_Data_.
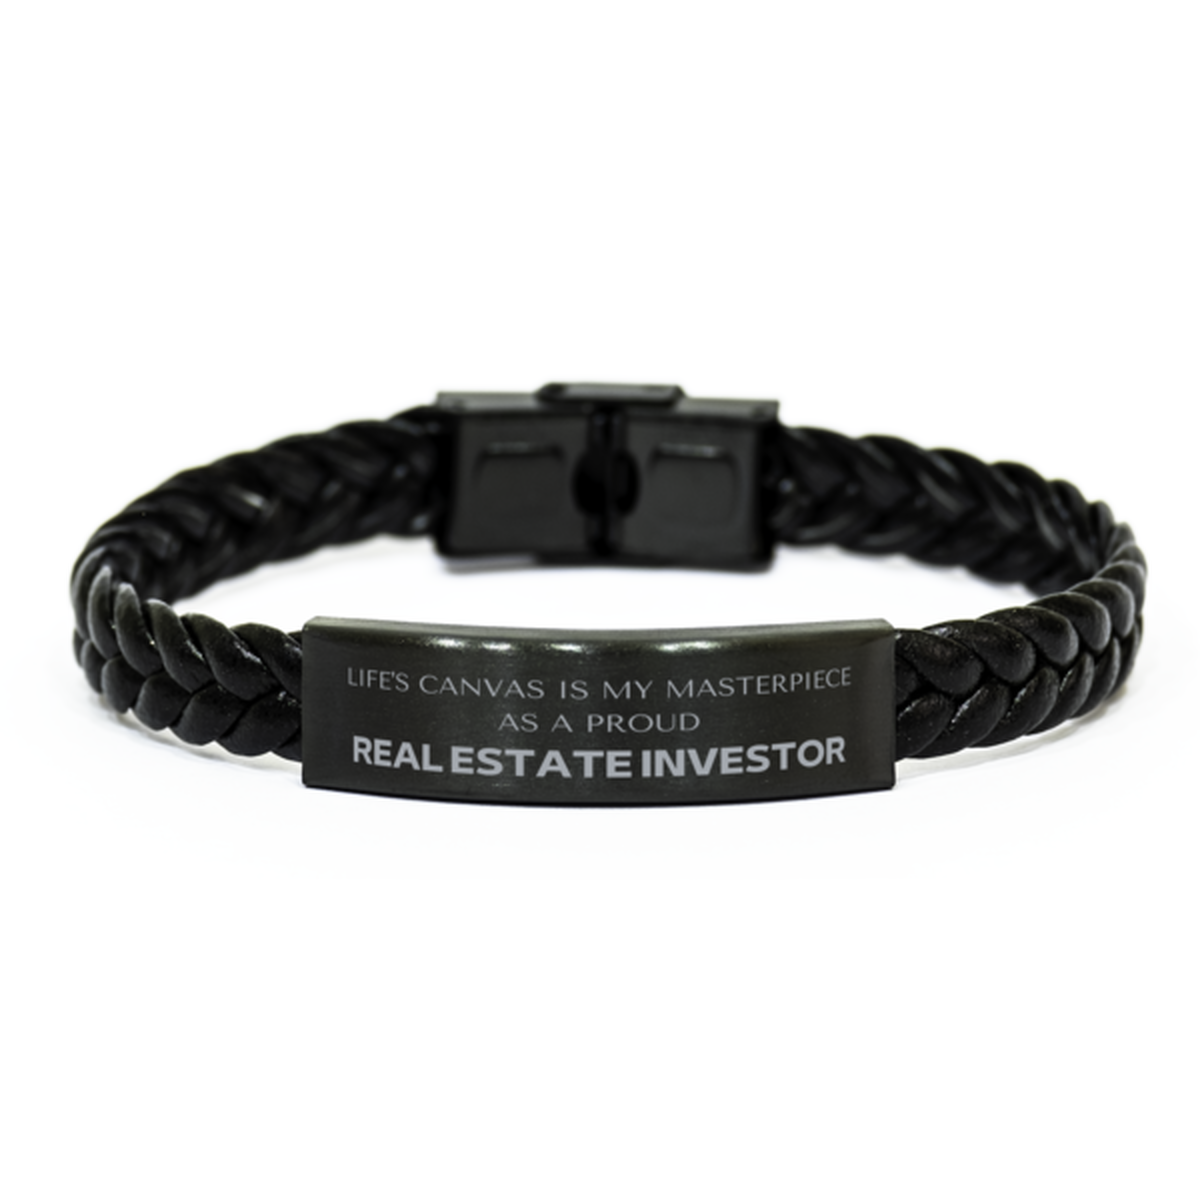 Proud Real Estate Investor Gifts, Life's canvas is my masterpiece, Epic Birthday Christmas Unique Braided Leather Bracelet For Real Estate Investor, Coworkers, Men, Women, Friends
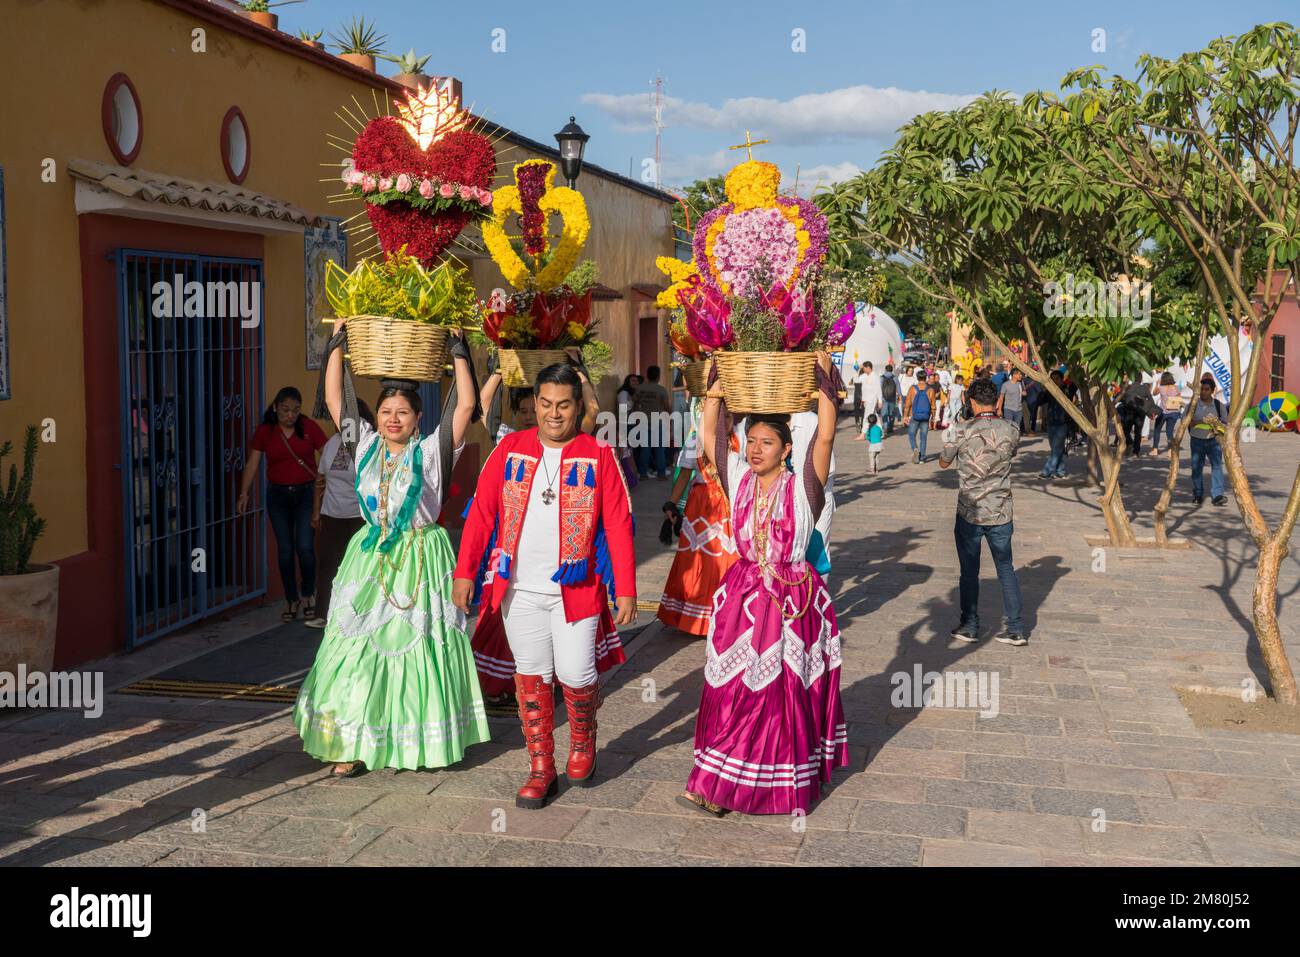 Chinas Oaxaquenas dancers with decorated flower baskets on their heads at the Guelaguetza festival in Oaxaca, Mexico. Stock Photo
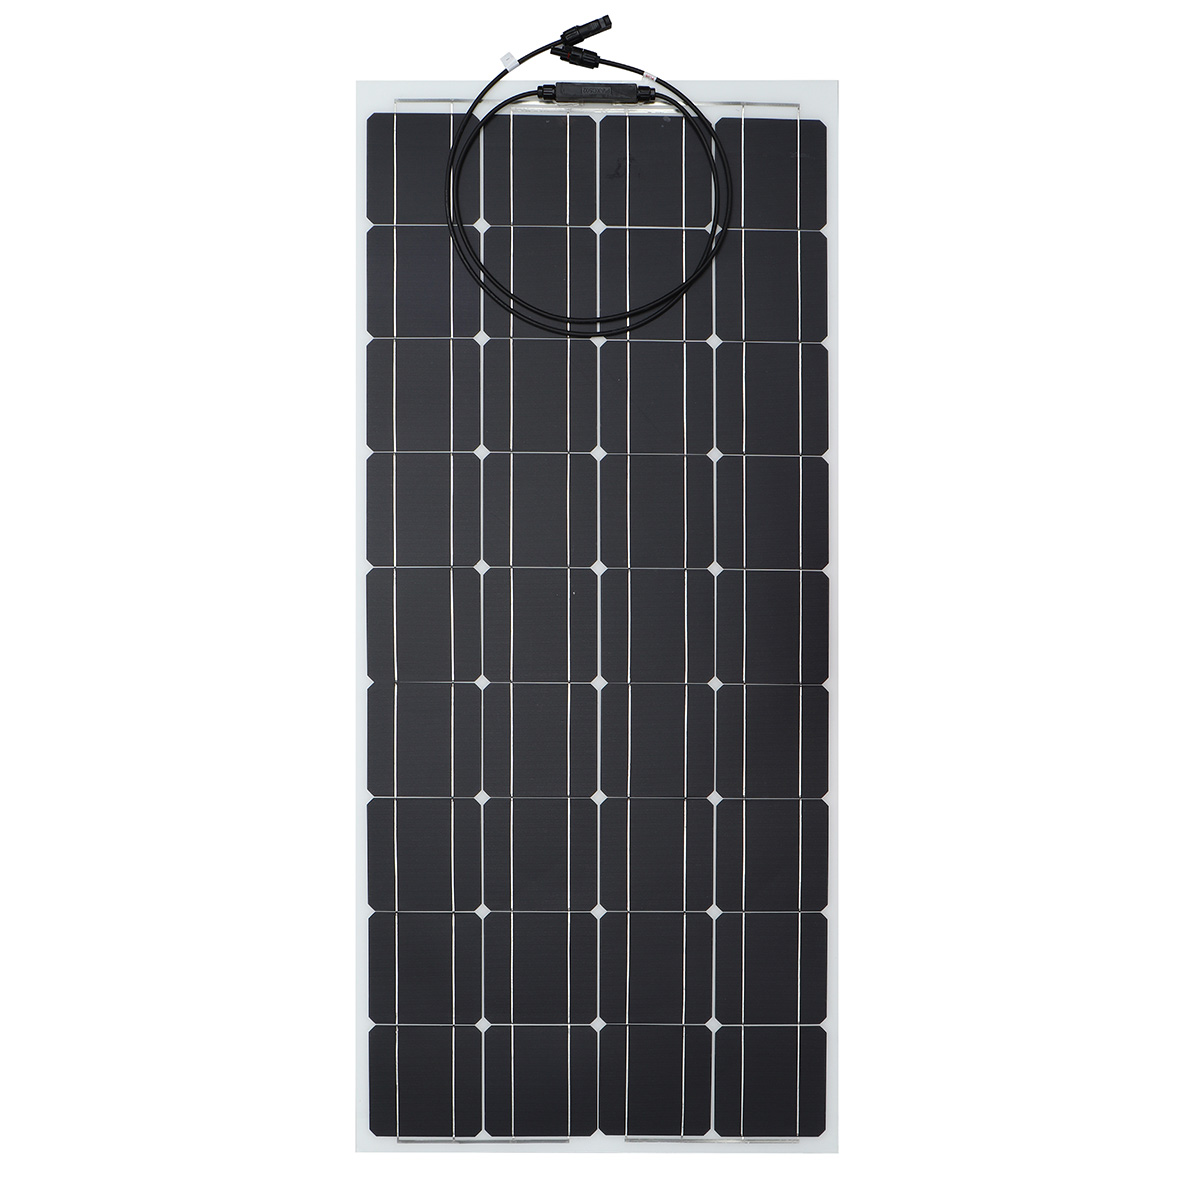 

18V 100W Flexible Solar Panel Mono Silicone Module for Boat Roof RV Car Battery Power Charger

_Task instructions_.
The response must match the listing exactly, except that pictures are removed.

_Result for this task_.
 Proud Real Estate Investor Gifts, Life's canvas is my masterpiece, Epic Birthday Christmas Unique Braided Leather Bracelet For Real Estate Investor, Coworkers, Men, Women, Friends
 Chinas Oaxaquenas dancers with decorated flower baskets on their heads at the Guelaguetza festival in Oaxaca, Mexico. Stock Photo

18V 100W Flexible Solar Panel Mono Silicone Module for Boat Roof RV Car Battery Power Charger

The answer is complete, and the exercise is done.